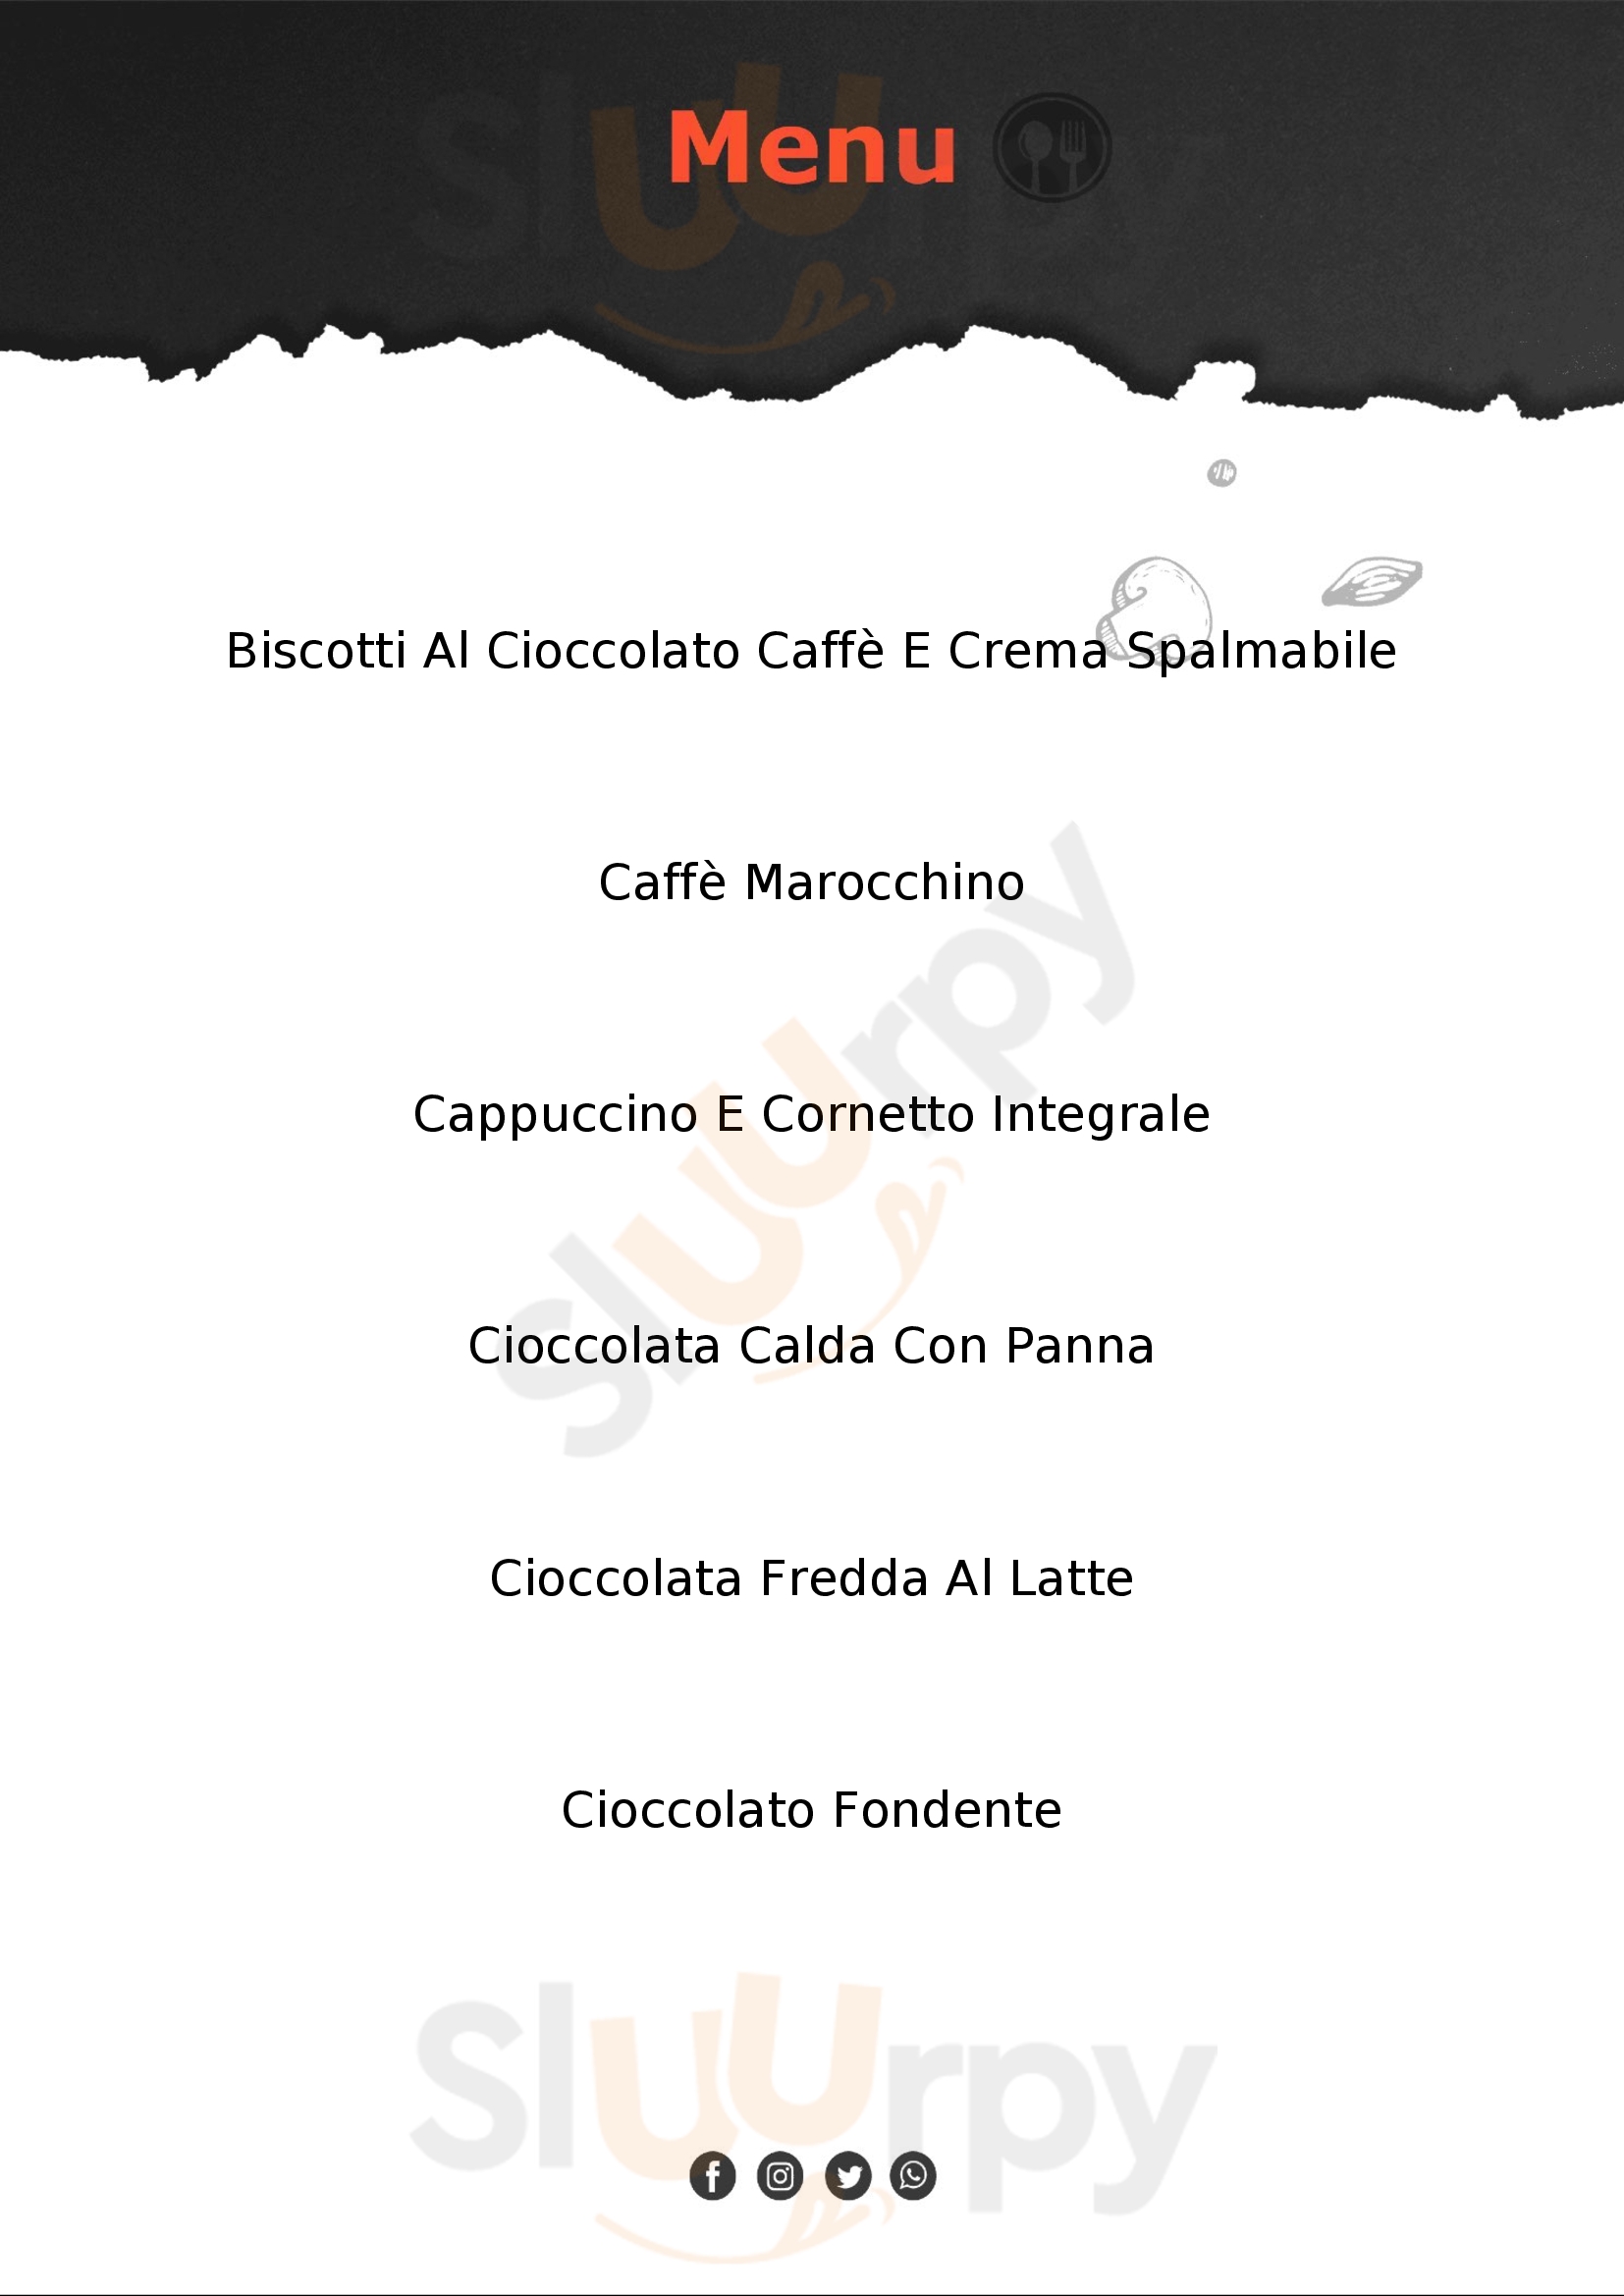 Slitti - Cioccolato e Caffe' Monsummano Terme menù 1 pagina
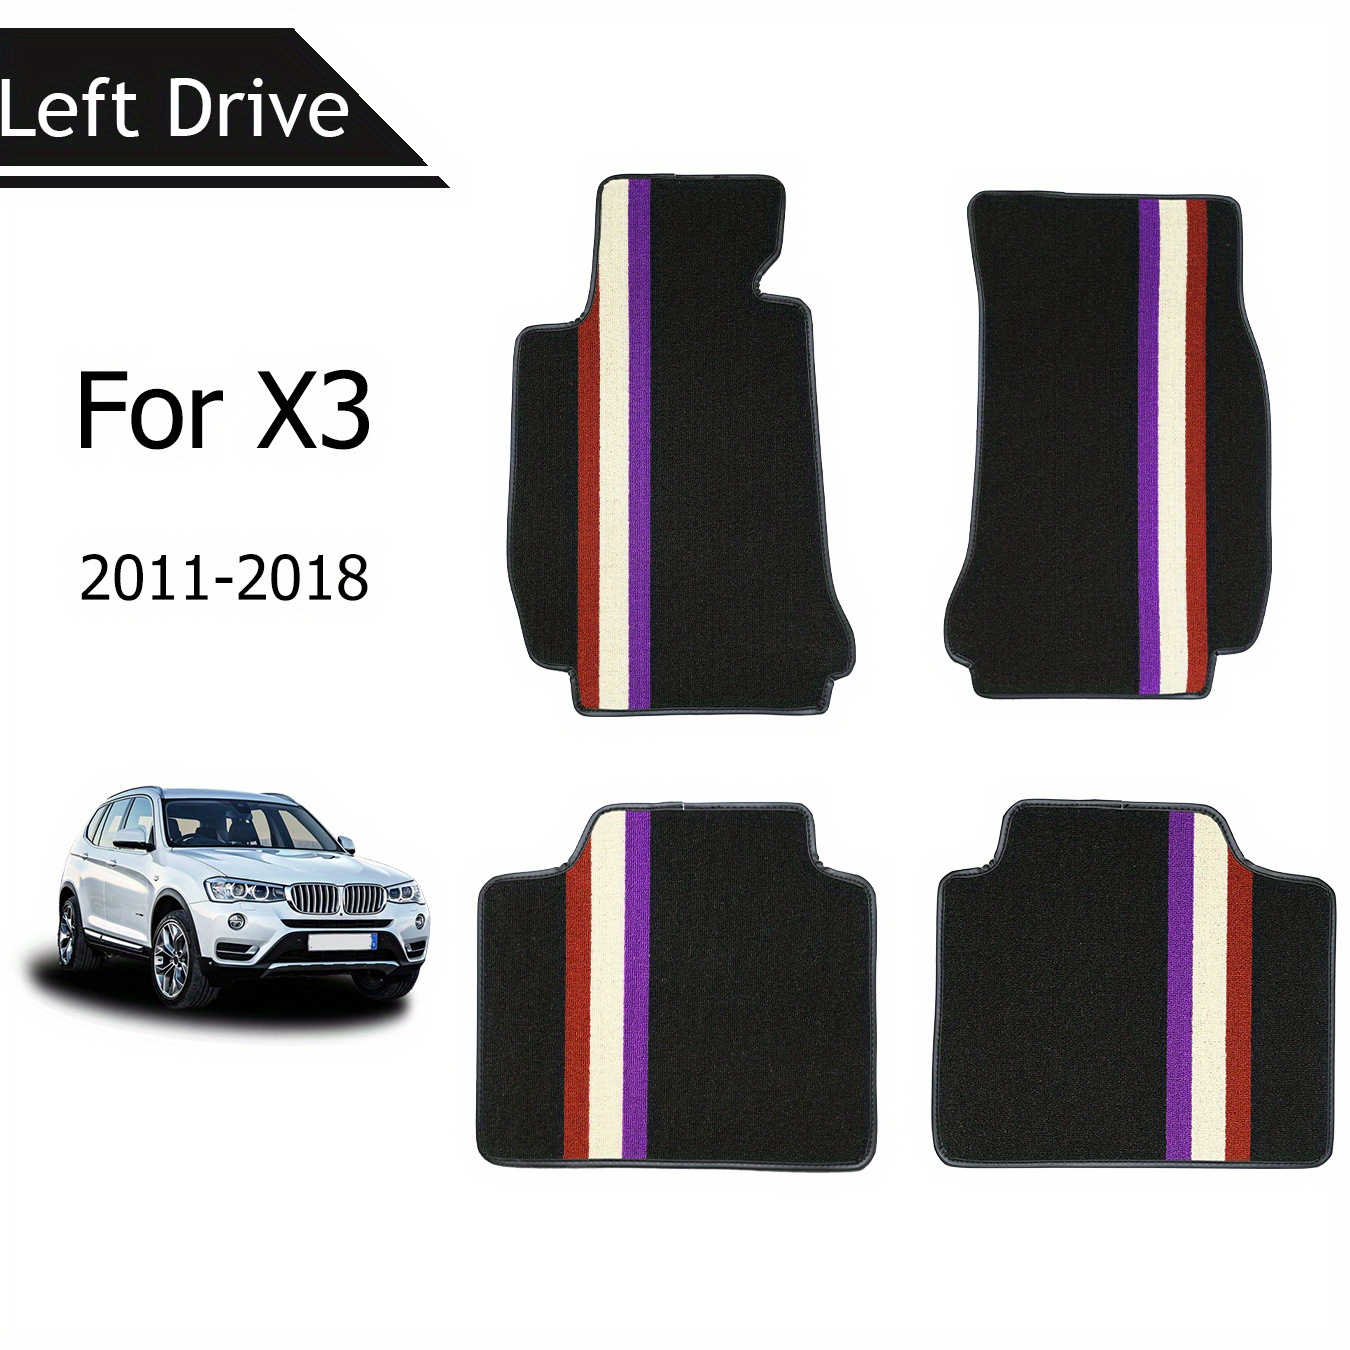 BMW X3 Floor Mats—Car and Driver
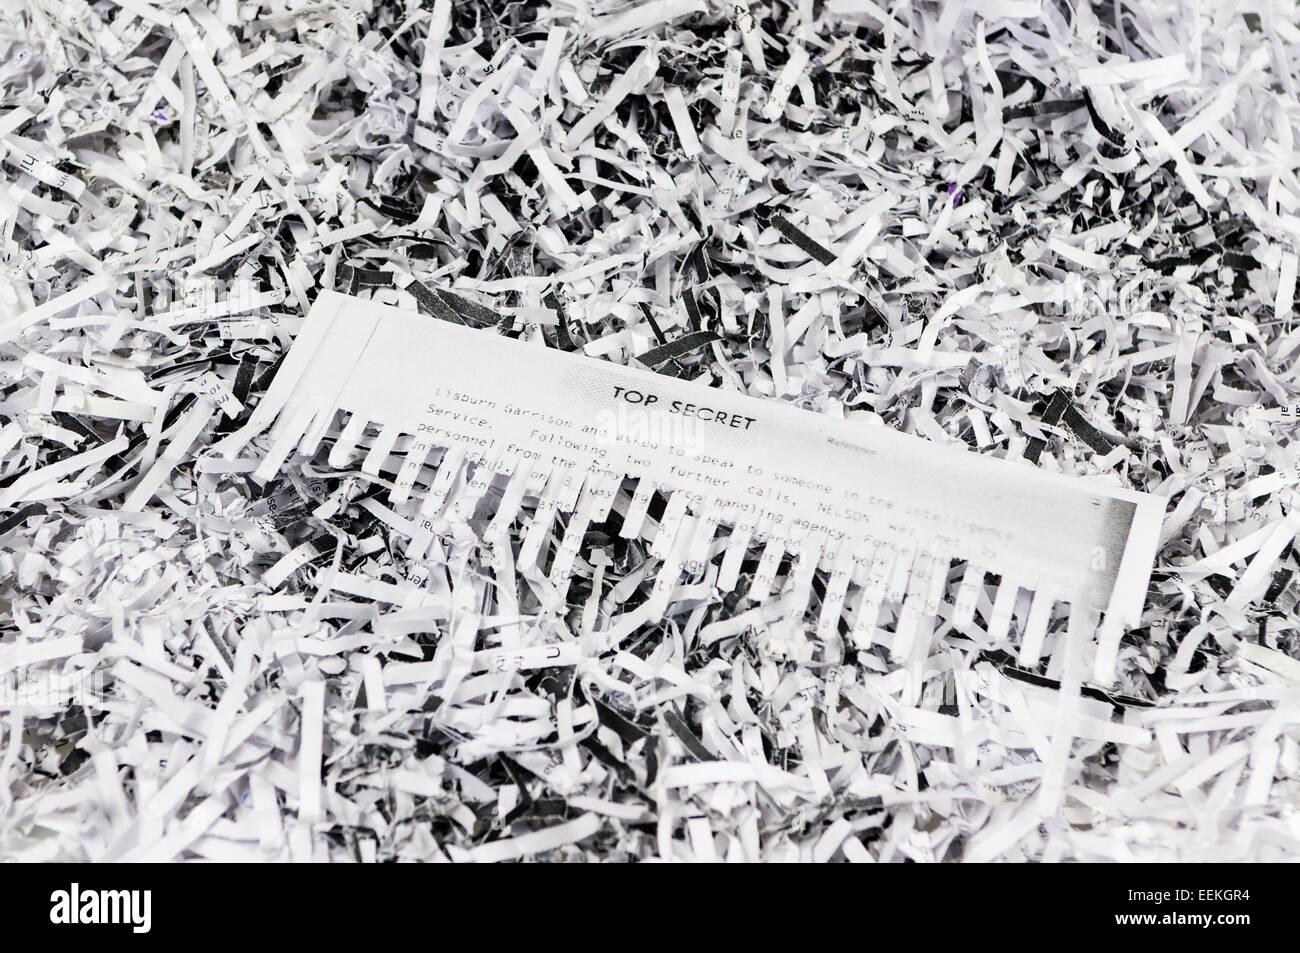 Half Shredded Top Secret Classified Uk Government Correspondence Stock Photo Alamy
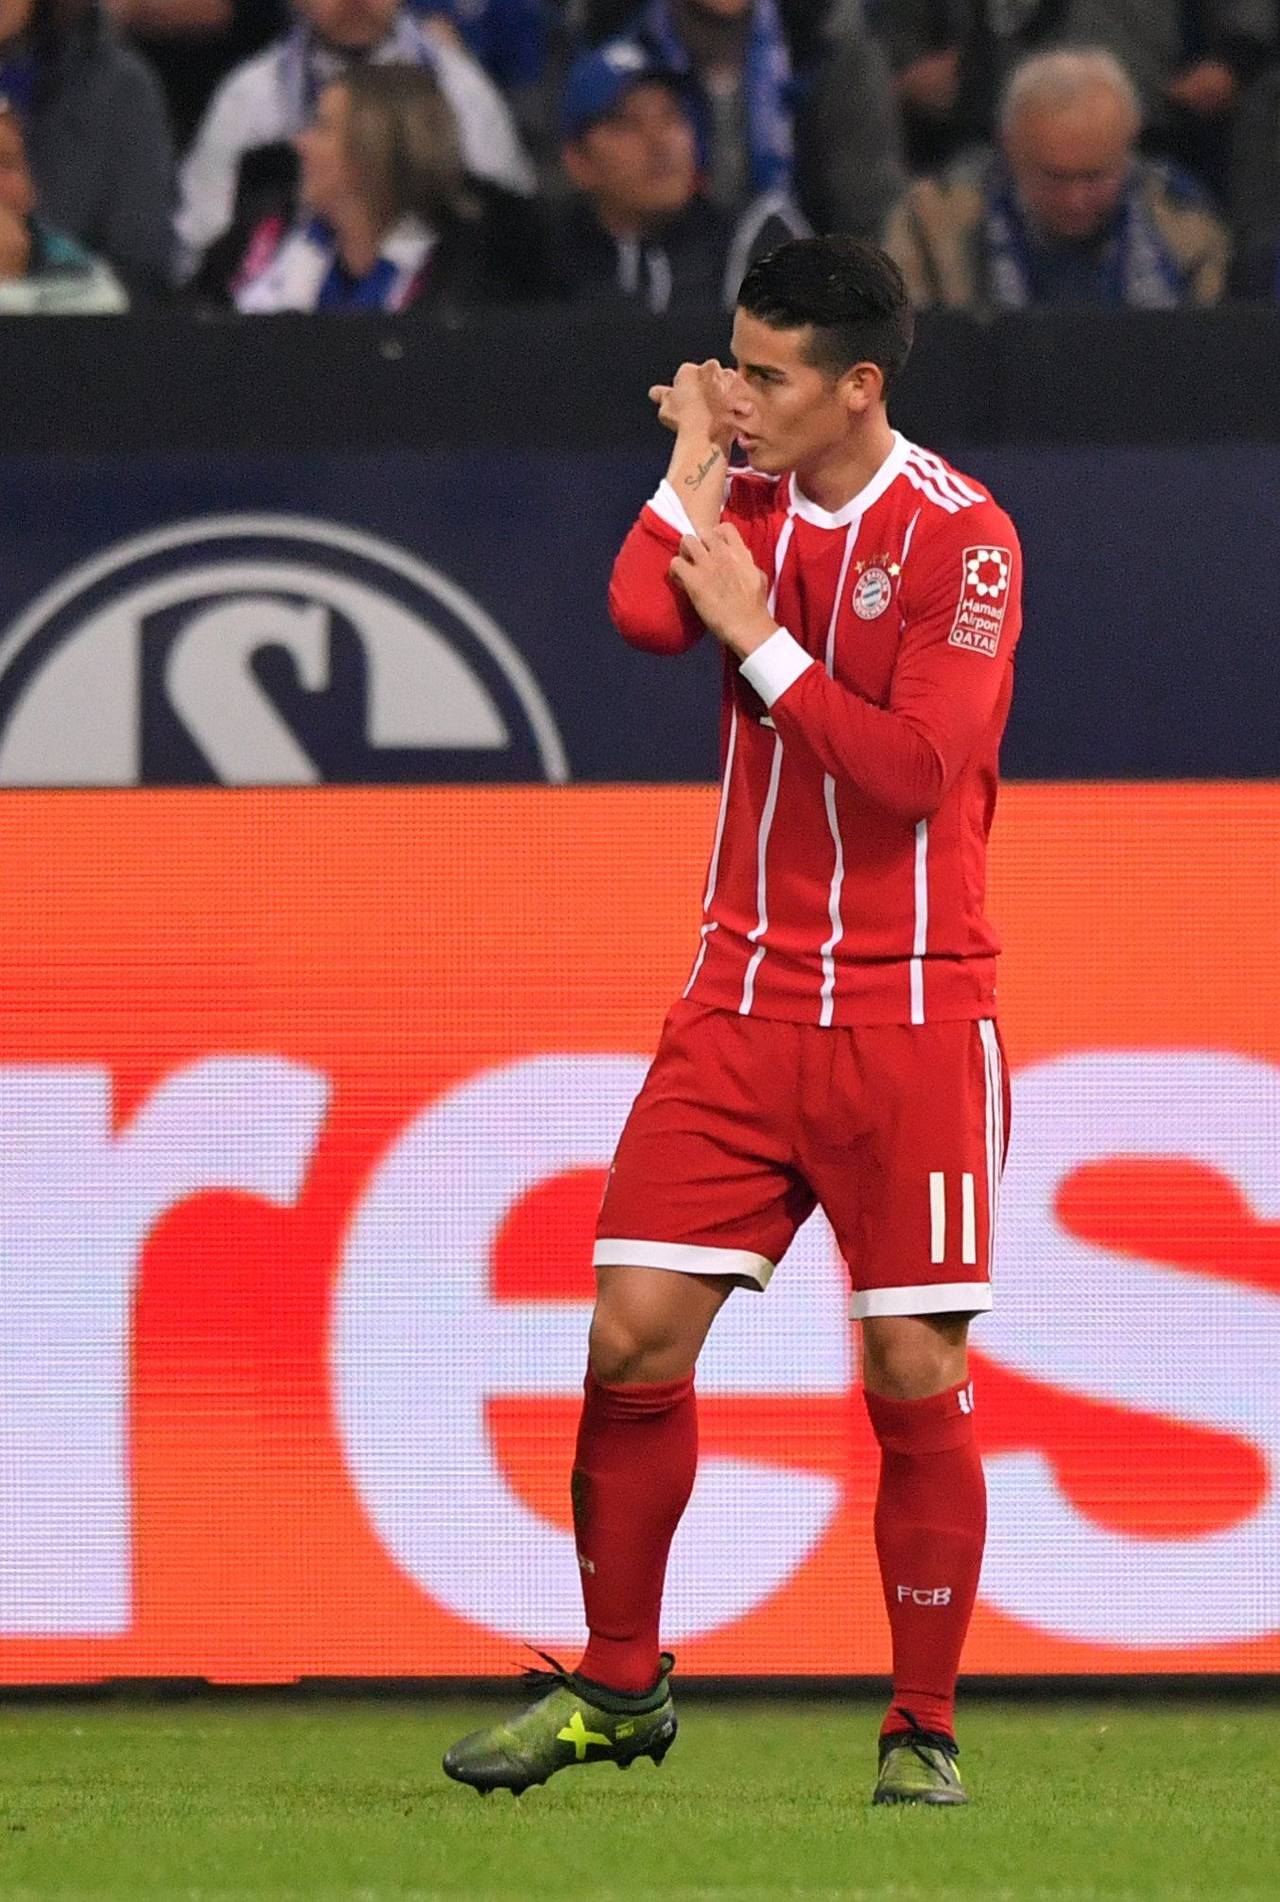 James Rodríguez, de Bayern, celebra luego de anotar un gol contra Schalke, durante un partido de la Bundesliga. (EFE)

◆ ASSIGNED TASK ◆
Output the whole of the data, unchanged; keep the pictures out.

◆ ANSWER SPACE ◆
 Slitti - Cioccolato e Caffe' Monsummano Terme menù 1 pagina
 BMW X3 Floor Mats—Car and Driver
 Half Shredded Top Secret Classified Uk Government Correspondence Stock Photo Alamy
 James Rodríguez, de Bayern, celebra luego de anotar un gol contra Schalke, durante un partido de la Bundesliga. (EFE)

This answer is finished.